Thursday, March 16, 2006

Just when you thought it was safe to go back into the office tower...

....here comes "fitness architecture"--buildings designed to make you climb stairs and walk long distances between the front door and your destination. The Wall Street Journal raved in November about a building under construction at Virginia Commonwealth University:

the elevators will be especially slow-moving. They will also be tucked away at the rear, while the atrium will feature a prominent set of stairs -- 28 to get to the second floor, and a total of 76 to get all the way up to the fourth floor.

Fear not--a "slimming mirror" will greet stairclimbers, to encourage them in their efforts to get fit. (Will they also put "fattening mirrors" in the elevators? Or just stamp "lazy" on the foreheads of elevator users?) It's probably a dream come true if you're a corporation trying to save money on construction--but look, it's also a benevolent idea, to improve the environment and public health: "in buildings that aren't hospitals, hide the lifts," recommends blogger Natalie Bennett. Oh, I see, it's progressive, and for public health--haven't people with disabilities paid disproportionately into that cause already (with institutionalization, dubious medical treatments, immigration restrictions, marriage restrictions, sterilization, etc. etc. etc. for the "greater good")?

So, if you're going to meet your lawyer, buy some shoes, vote, eat in a restaurant---plan to be fit, or get fit. But if you're on wheels....or have any other condition that make stairs impossible or risky....well, there's those "special" elevators way back there, behind the atrium--but give yourself an extra ten or fifteen minutes, they're really slow.

[T-shirt from Dan Wilkins' The Nth Degree.]

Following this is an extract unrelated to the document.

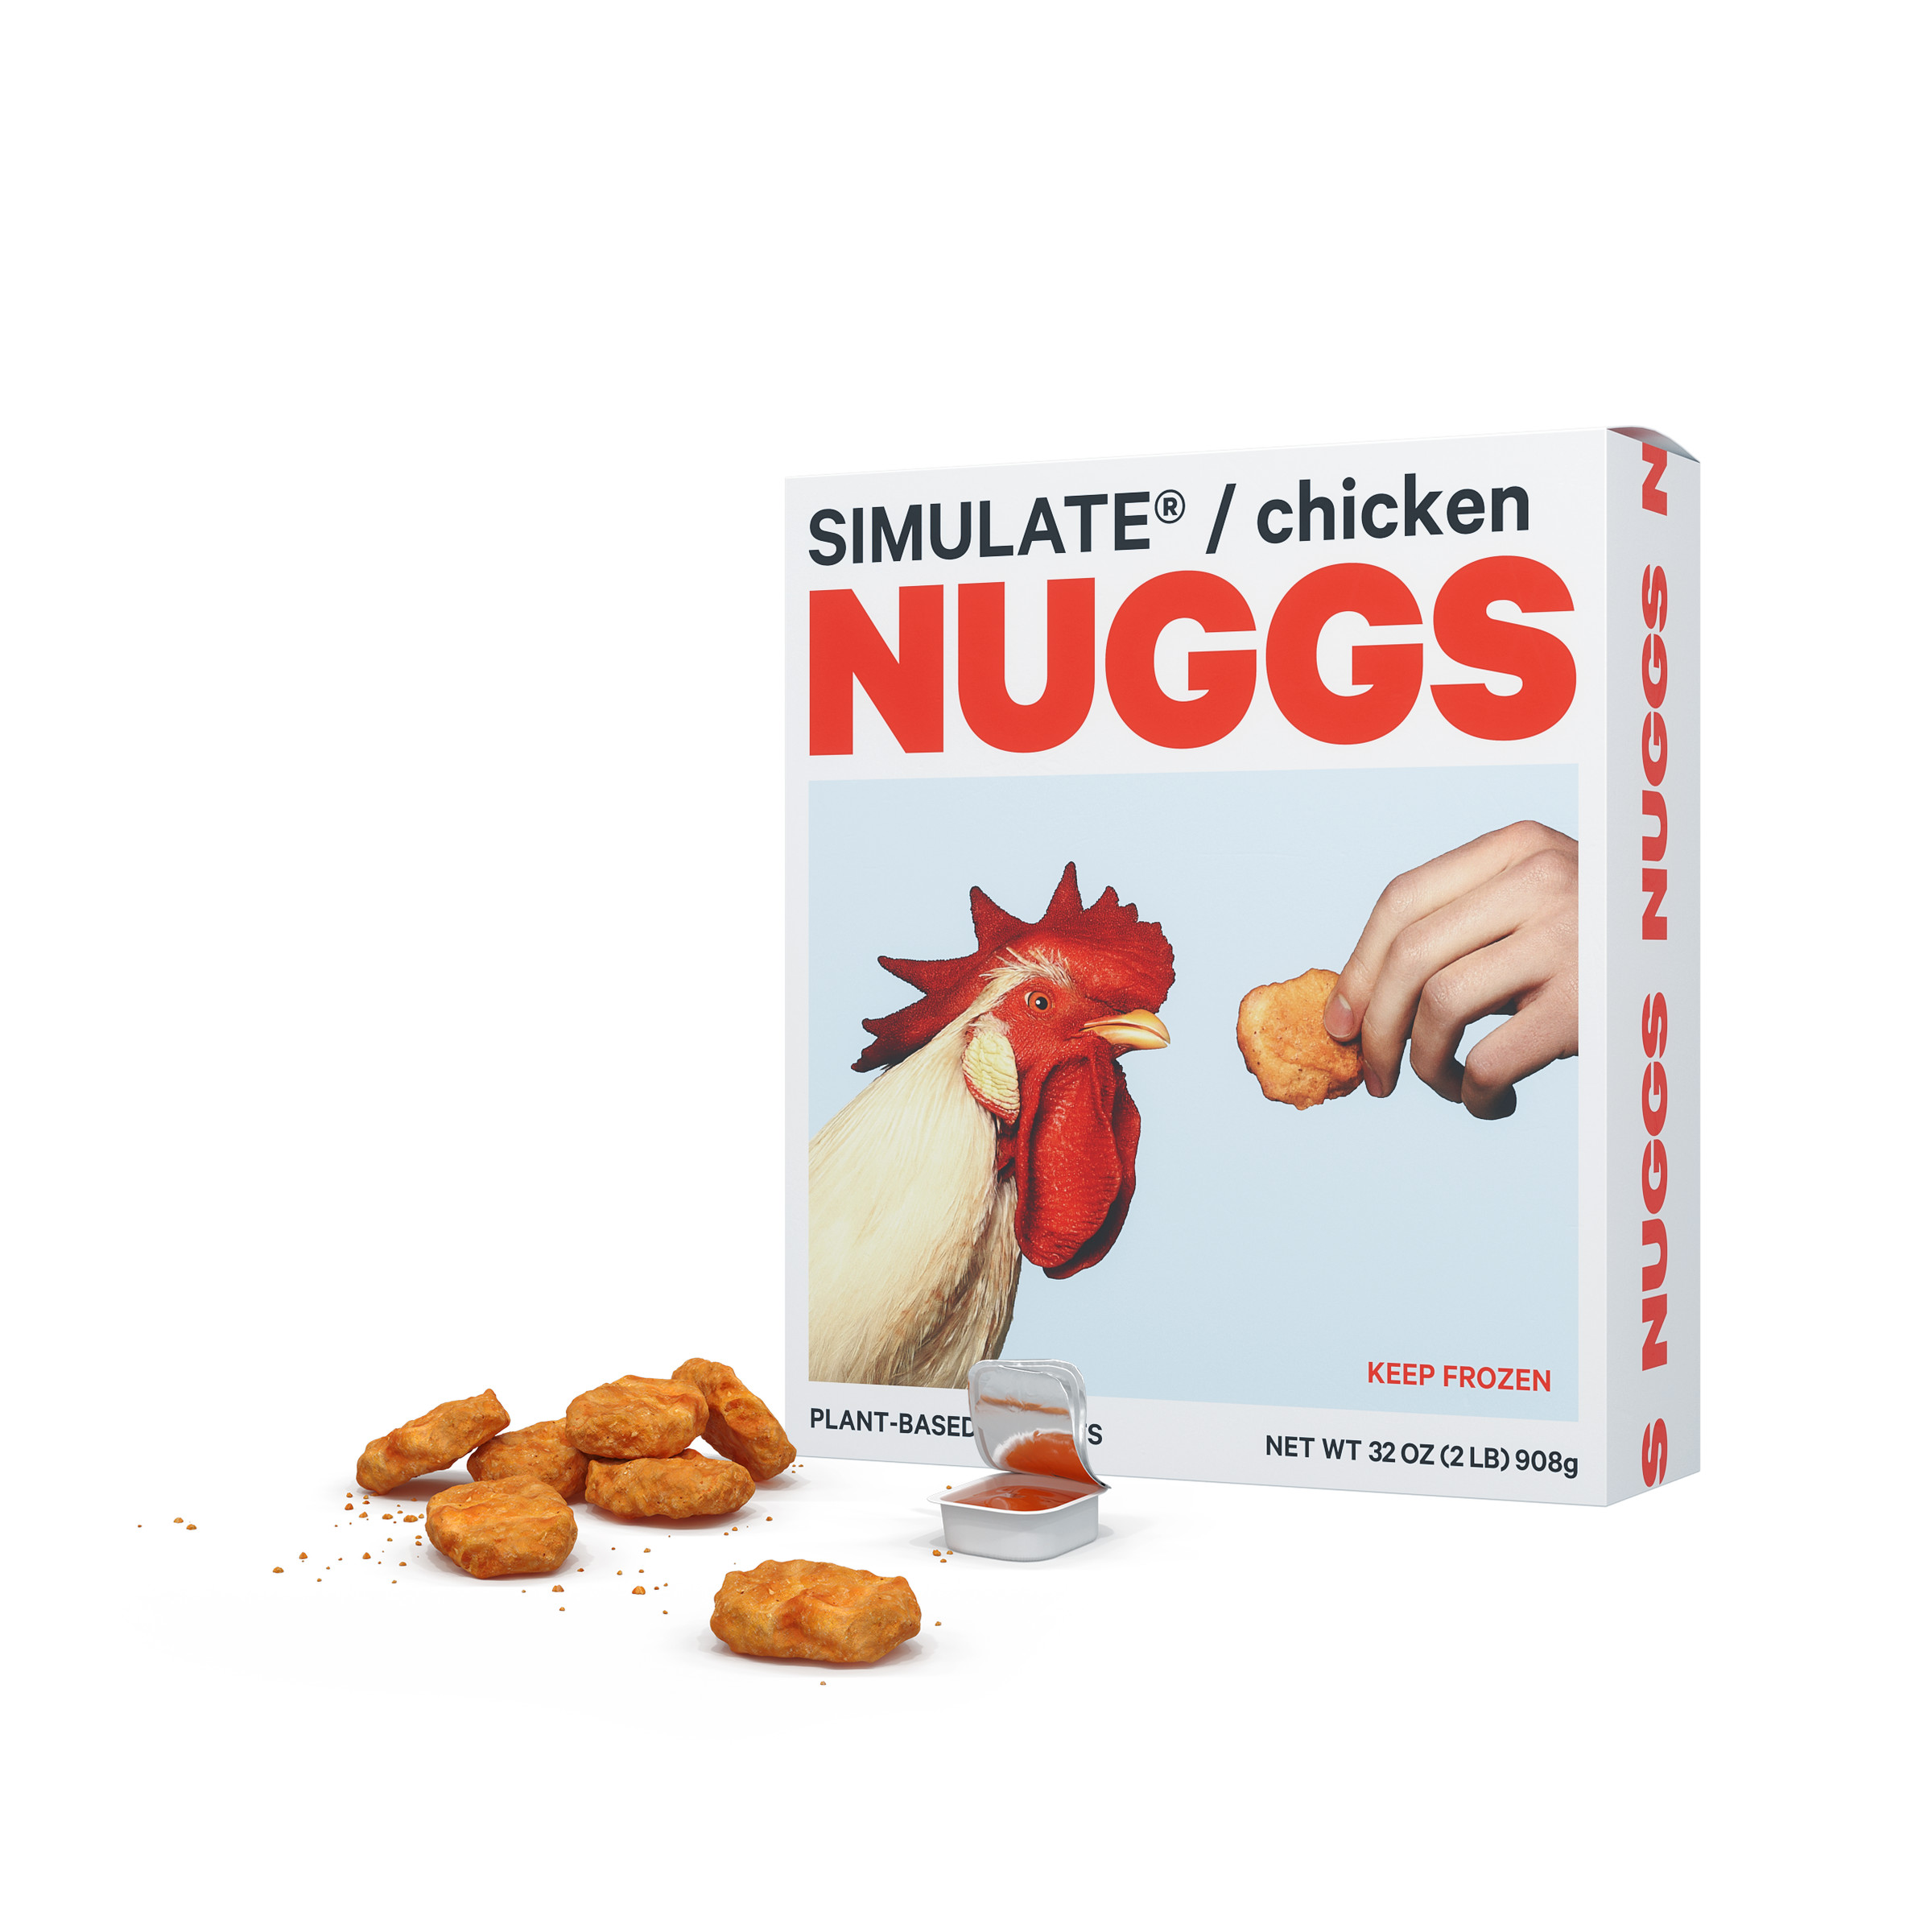 Some nuggets sitting in front of a Nuggs box, which has an image of a chicken being offered a nugget.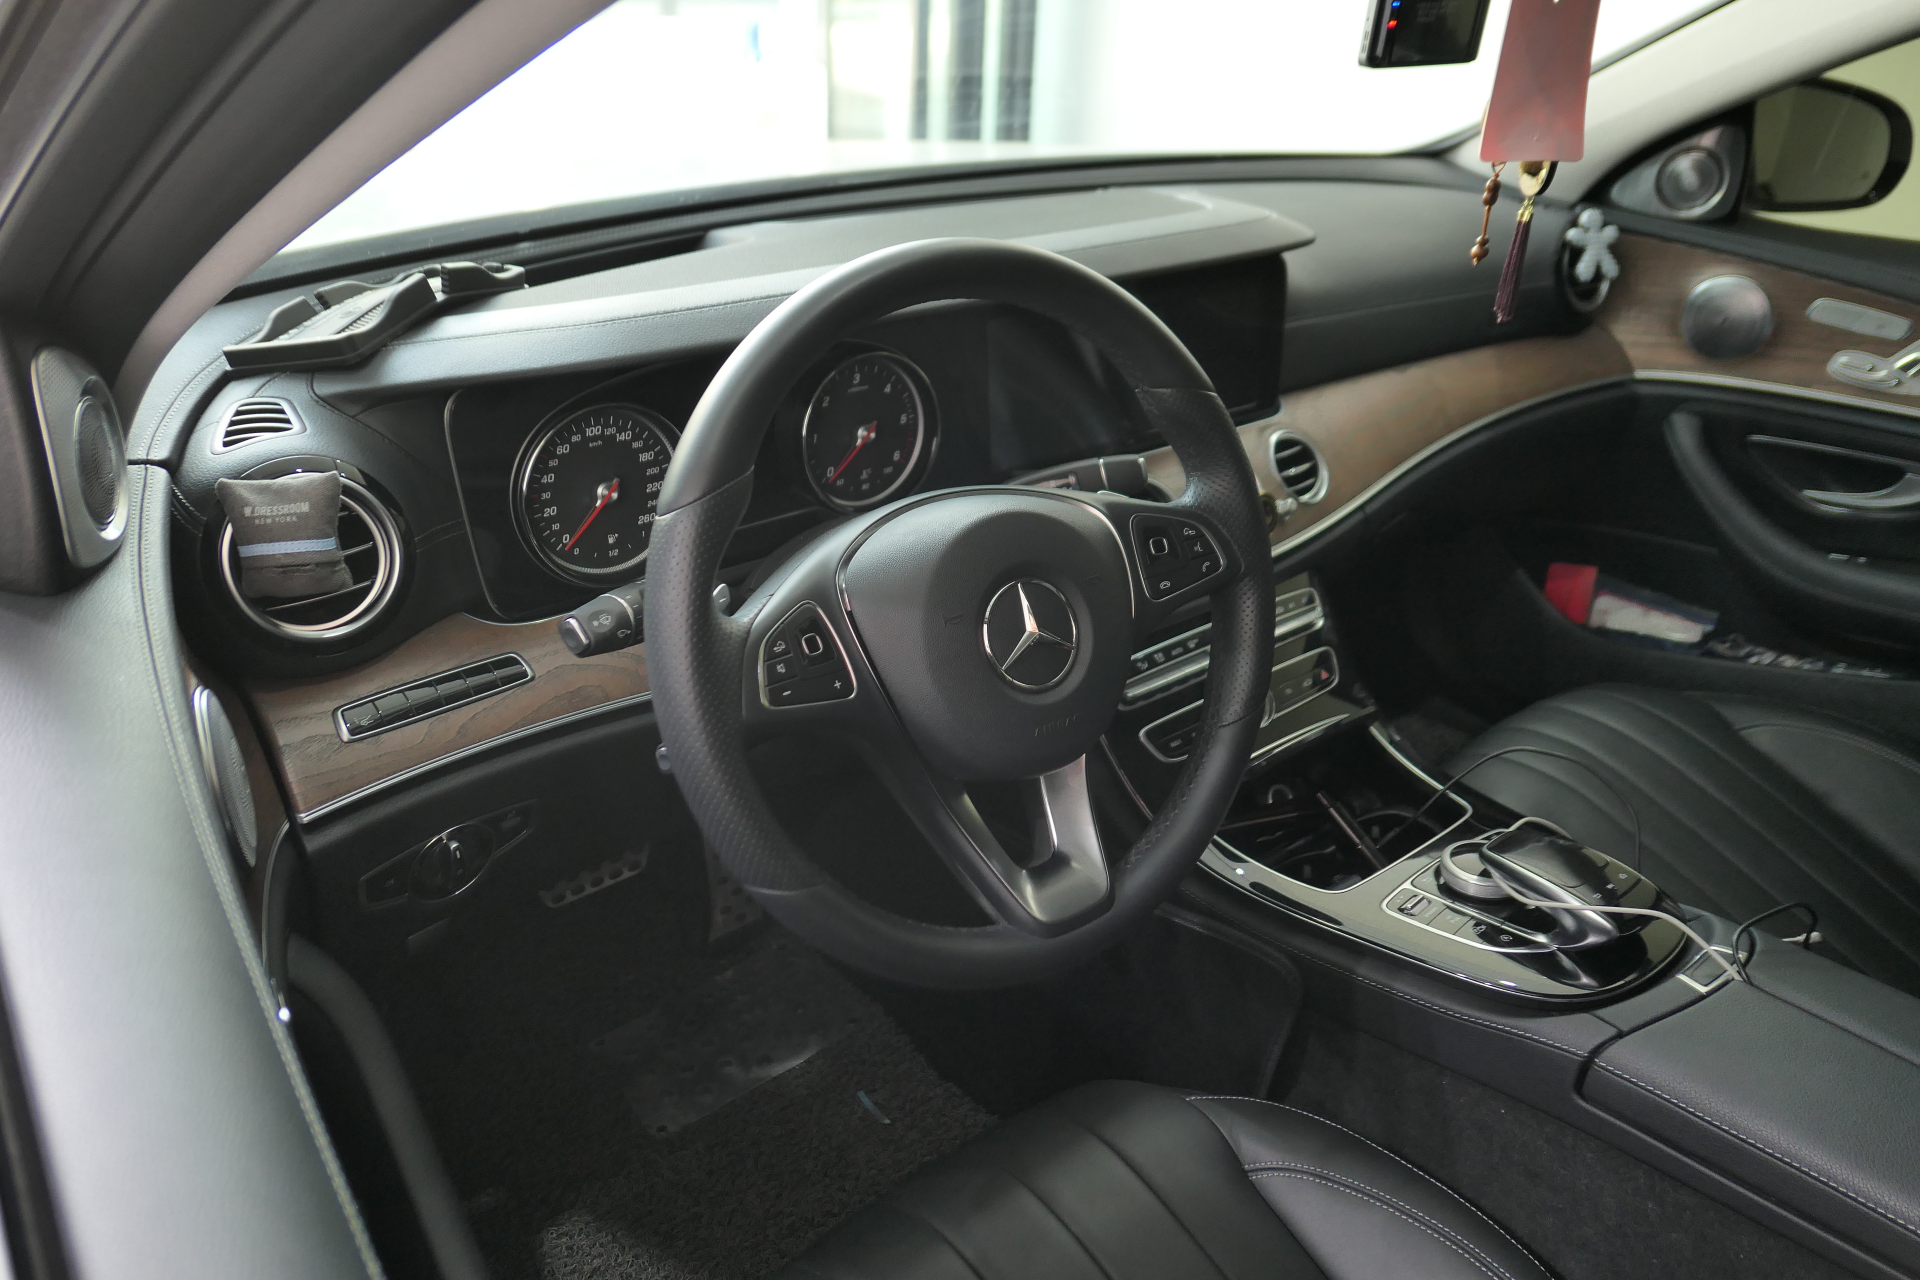 Heating Steering Wheel for 2017 Mercedes E-Class W213 Install

UPDATE 3/19: Bennett has this further clarification in her comments space: "I accept for some people with disabilities that would be inconvenient - those for whom walking a very short distance is possible but longer distances aren't - but that would, I think, be a not unreasonable price to pay for better overall societal and environmental health." It is an unreasonable price (and she seems to be under the mistaken impression that once you're on wheels, all distances are equal), but more to the point, does Bennett have the right to accept that price on behalf of the people who will pay it? People with disabilities and their allies should be very concerned when both the Wall Street Journal and a Green Party member can agree to accept their exclusion from any public spaces.

UPDATE 1/3/07: She's still at it. Some folks will never see the problem with building exclusion into the architecture of everyday life.

2 comments:

Mike Dorn said...

Great post, Penny. Disability presents for an undeniable challenge to today's liberal/progressive politicians and designers. "Hiding the elevators" has always been a a special gift of architects, who often devote much more energy to the stairs in their buildings.

Case in point: my office at Temple University is in Ritter Annex, designed in the early 1970s around an elaborate block O plan with a central elevator lobby on every other (odd-numbered) floor, and even-numbered floors forming rings around the exterior. On any given day, we are lucky if more than one out of the four central elevators is functioning. As a result, I have taken to telling our visitors to take the stairs up six floors to my office. At least they are less likely to get lost or stuck between floors that way. But what about my colleagues who use wheelchairs? This is simply not an option. There have been occasions where I have had to carry the up flights of stairs to get to meetings, or to use the restrooms. Surely this is not the sort of ‘preventative public health measure’ that the architects might have intended. Once we get into upper crust society settings, architecture all too often serves as a sorting mechanism that marginalizes people who fatigue easily or use equipment to enhance their mobility.

I also find it sad to see new coffee shops opening in my neighborhood like La.Va without a wheelchair accessible entrance. Apparently the city of Philadelphia’s code enforcement office tells these young entrepreneurs that they new establishment isn’t covered because it is ‘merely’ a renovation rather than new construction. Yet the Americans with Disabilities Act was been clearly written to apply the same access requirements to renovations. What are we to do when clear regulations have been passed and yet are not enforced?

Anonymous said...

This idea is absurd and greatly upsetting. It looks like new constructions are taking a step backwards in accessibility. This may sound naive, but to improve public health, why not encourage people to stay away from fast food and soda instead?